Volvió a golpear la barra con los nudillos.

—¿Qué pasa? ¿Os pensáis que soy un…?

Un puñetazo lanzado hacia la cara de otro lo alcanzó en el costado de la cabeza. Se tambaleó y a punto estuvo de caerse, pero se aferró con las manos al borde de la barra. Parpadeó unas cuantas veces y volvió a intentarlo—: ¿Os pensáis que soy un holgazán? ¿Creéis que…? —En ese momento, lo golpearon violentamente por el otro costado; era un jamaicano que caía hacia atrás después de recibir un buen puñetazo en la boca. Casi en el mismo instante, un codo le dio en las costillas, y la pata de una silla rota, lanzada a la cabeza de algún otro, se estrelló contra el hombro de Bevan. Suspiró fastidiado y dijo—: Por el amor de Dios, dejadme en paz, ¿queréis? ¿Por qué no os vais a jugar al patio? —Luego, reanudó sus esfuerzos por pedir otra copa—: Examinemos los hechos. He dicho que no soy un holgazán. ¿Me oís? No he venido a calentar sillas. Soy un cliente con dinero. Ya os lo voy a enseñar yo. —A tientas se buscó la solapa; después de varios intentos, su mano logró dar con ella. Buscó el bolsillo interior de la chaqueta y sacó la billetera. La abrió y exhibió los billetes verdes gritando indignado—: Aquí lo tenéis. ¿Lo veis? ¿Lo veis?

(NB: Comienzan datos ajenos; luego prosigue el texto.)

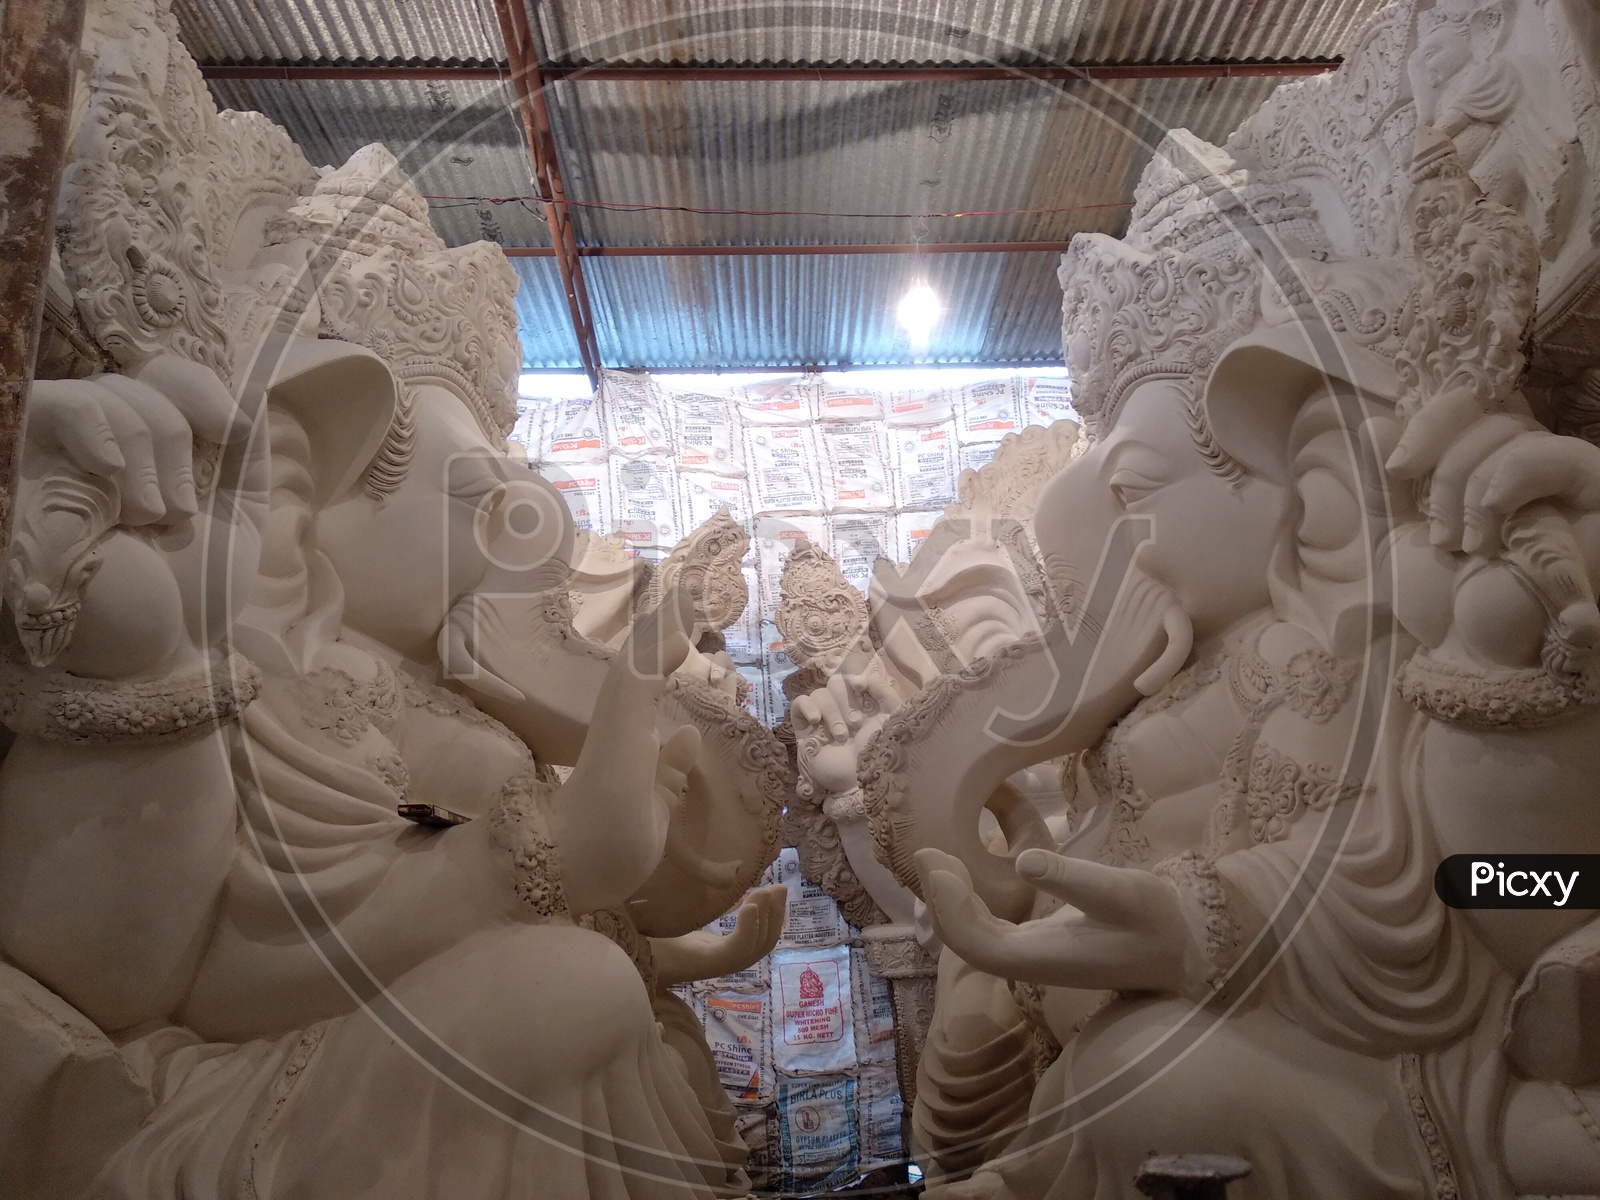 Prepartion of Ganesh Idol for Ganesh Chathurthi. Vinayaka Idol done with finshing and getting ready to paint
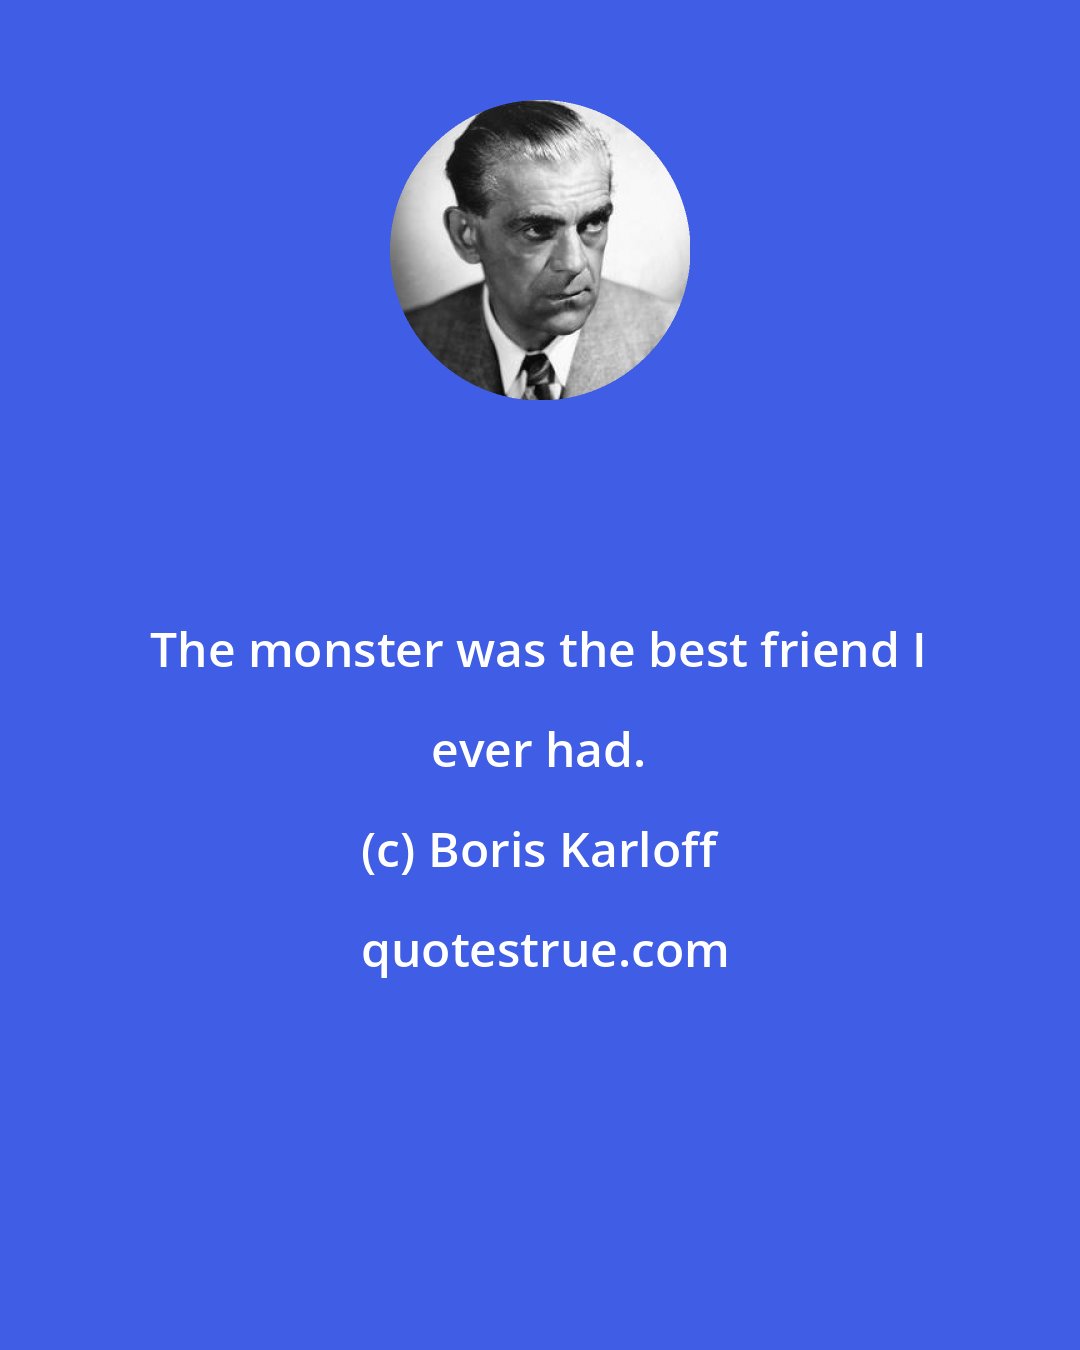 Boris Karloff: The monster was the best friend I ever had.

Pero no logró conseguir la copa. Ni siquiera una respuesta. Volvió a suspirar, cerró la billetera y se la guardó en el bolsillo.

—Vale —dijo más apenado que indignado—. Si así están las cosas, me iré con la música a otra parte.

Lo decía en serio. Muy en serio. Tenía que tomarse esa copa, y la necesidad le latía en el cerebro cuando miró a su alrededor buscando la salida más próxima. Vio la puerta lateral en el fondo del bar y empezó a abrirse paso hacia ella, forcejeando entre el hervidero de hombres de fiera mirada. Por algún motivo lo habían catalogado de neutral, y sin pensárselo más se abstuvieron de pegarle cuando lo vieron avanzar.

Pero hubo un jamaicano al que le habían llamado la atención la billetera y el grueso fajo de billetes verdes exhibidos por Bevan. Los ojos del jamaicano se tornaron fríos y calculadores. Se separó del torbellino de la batalla y, con expresión felina, siguió al turista borracho hacia la salida que daba a un oscuro callejón.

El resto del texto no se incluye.